Hepimiz çağdaş araçlarla çalışıyoruz. Fakat aynı amaçlarla çalışmıyoruz. Çağdaş teknolojinin sağladığı konforu istiyoruz. Fakat biz Türkler çağdaş insan düşüncesinin ulaştığı yüksek uygarlık düzeyinin altında yaşıyoruz.

Tarihte de eşitsizlik doğaldı. İnsan eşit olarak yaratılmıyor. Eşit koşullarda yaşamıyor. Bunun zenginlik ve fakirlikle de ilişkisi sınırlı. İletişim çağı insanların çağdaş dünya bağlamında bilinçlenmesine büyük bir hız kazandırdı Çinde 50 000 000 klasik piyano öğrencisinin varlığı bu homojenleşmenin varlığını kanıtlıyor.

Kötüyü üreten mekanizma

Öte yandan bu gelişmenin arkasında, insanın yaratıkların en canavarı olduğu ve insan aklının iyiyi ve doğruyu olduğu kadar kötüyü ve yanlışı da üreten bir mekanizma olduğu gerçeği de var. Binlerce yıl önce Aristo’yu yaratan insan toplumu, bugün Putin ve Trump’ı ve benzerlerini de yaratıyor. Daha önce de yaratmıştı. Bilim adamları insanlığın kaotik yapısının akıllı yapısından daha güçlü olduğunu ve kendi yaşamını tehlikeye soktuğunu söylüyorlar.

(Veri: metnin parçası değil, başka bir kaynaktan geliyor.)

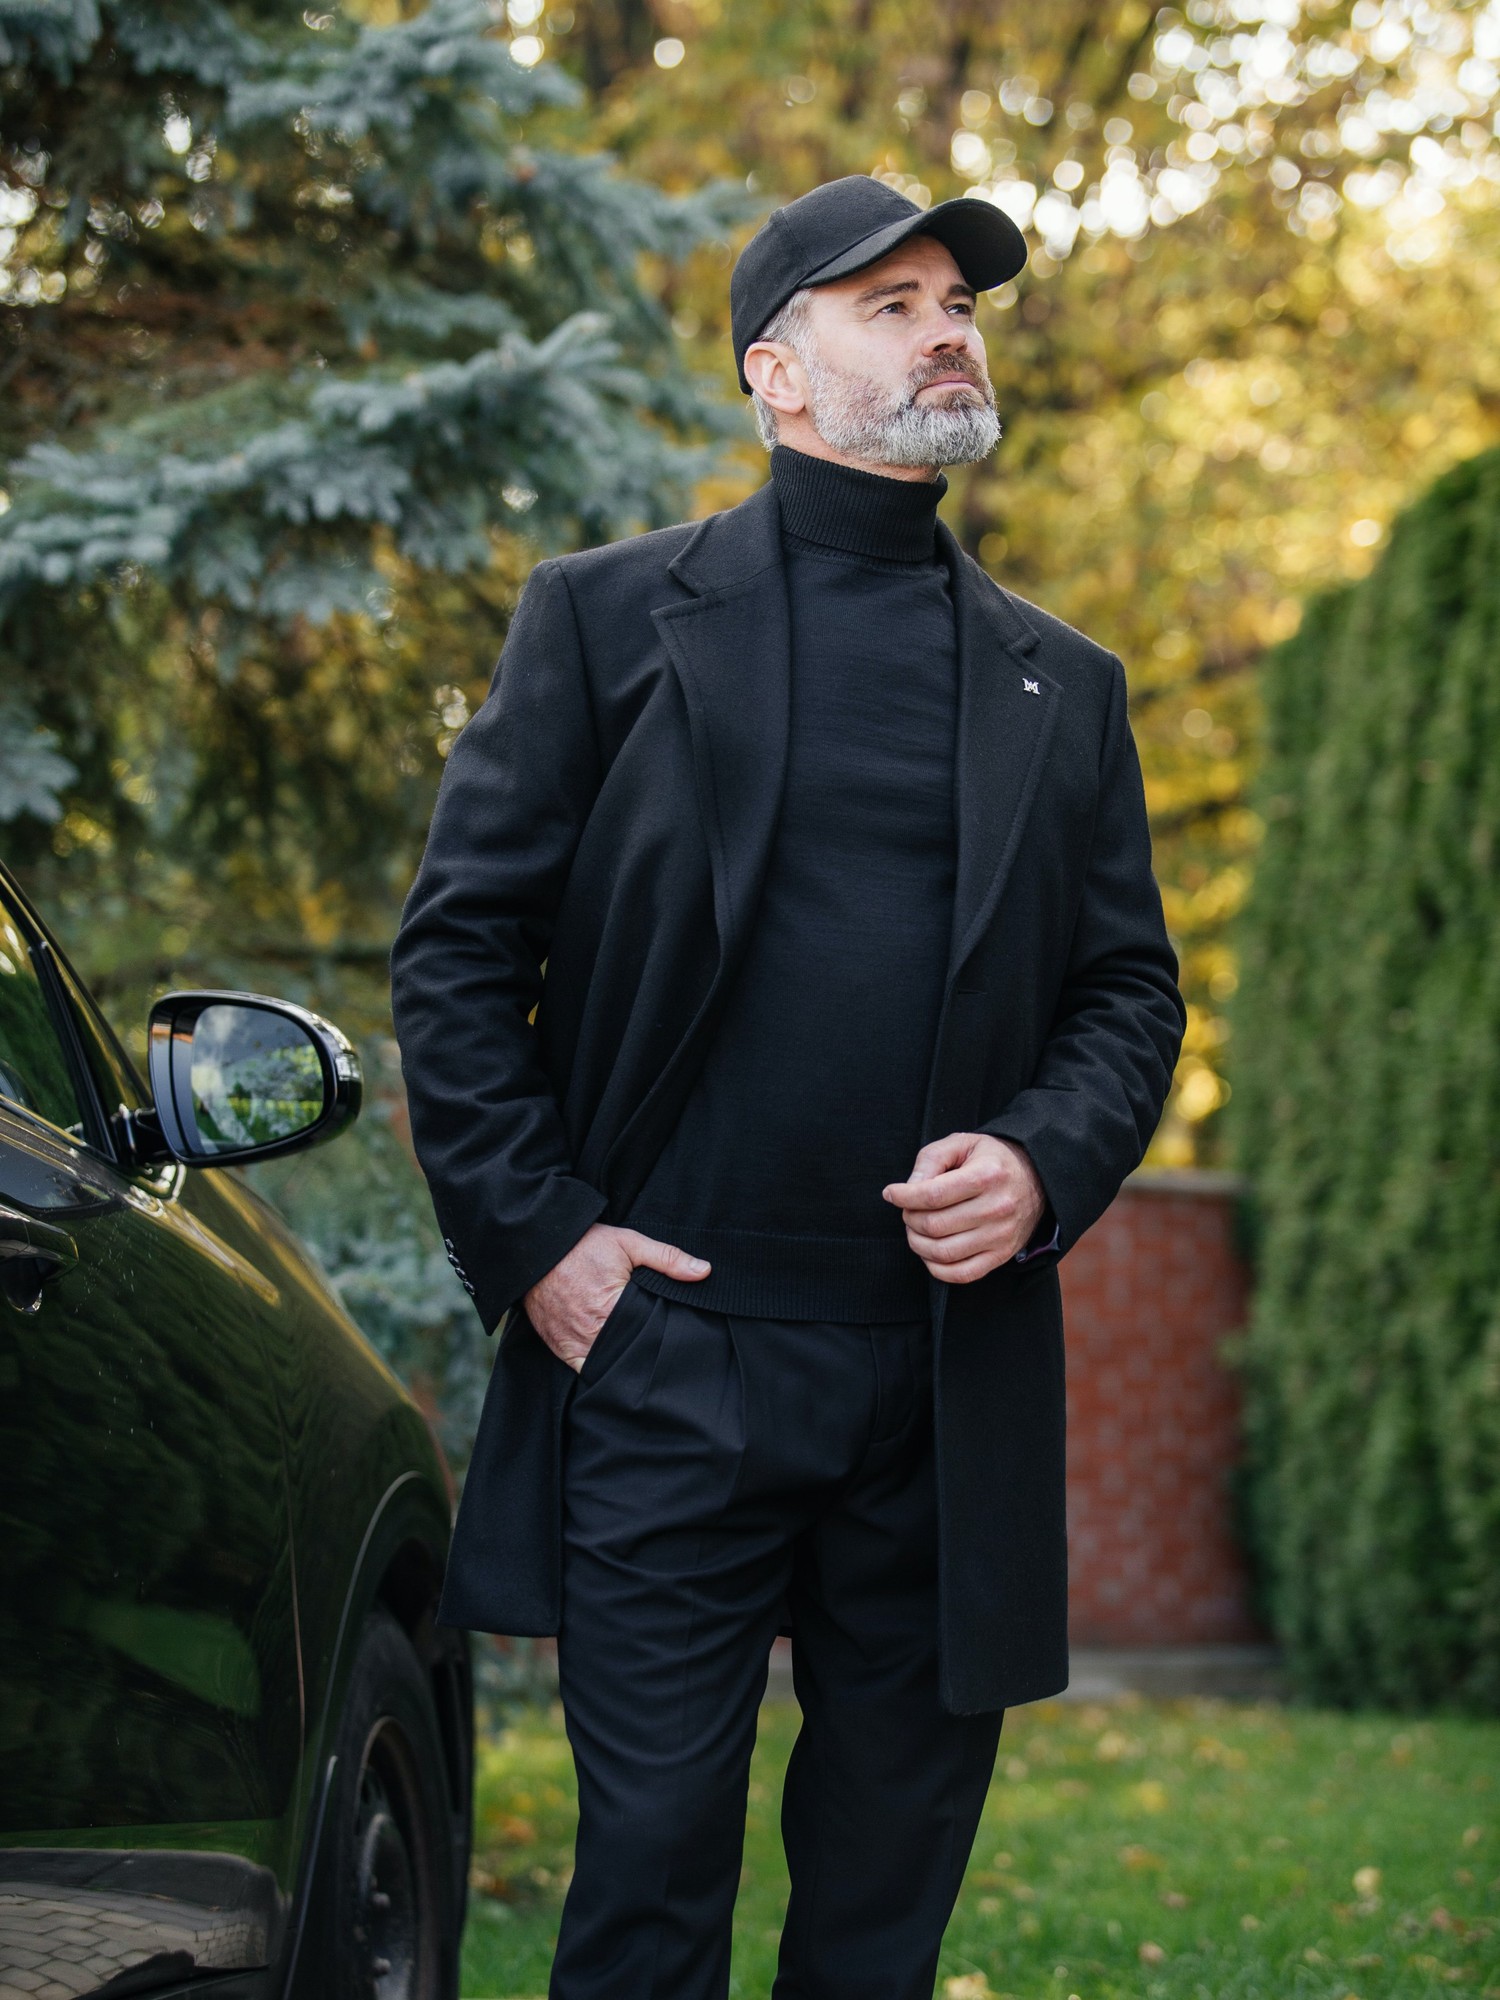 Black wool and cashmere coat

En eski uygarlığı kuran Çinliler yaşamın Kaos (yang) ile Düzen (Yin) arasındaki dengenin varlığına bağlı olduğunu söylemişlerdi. Yin dişi düzeni, Yang erkek kaos’u simgeliyordu. Düzen ve Kaos birbirlerini yok etmezler. Kötünün olduğu yerde iyi, iyinin olduğu yerde de kötü vardır. Tanrının cahil kulları, yüzlerce yıl sürüngen sultan kulluğundan sonra, paranın kulu olarak , kendilerine ait olmayan bir dünyanın demokratik sokaklarında, egzos koklayarak, birbirlerini doğruyorlar. Bunlara çağdaş uygar mı diyeceğiz?

Doğan Kuban

*Bu yazı HBT'nin 54. sayısında yayınlanmıştır.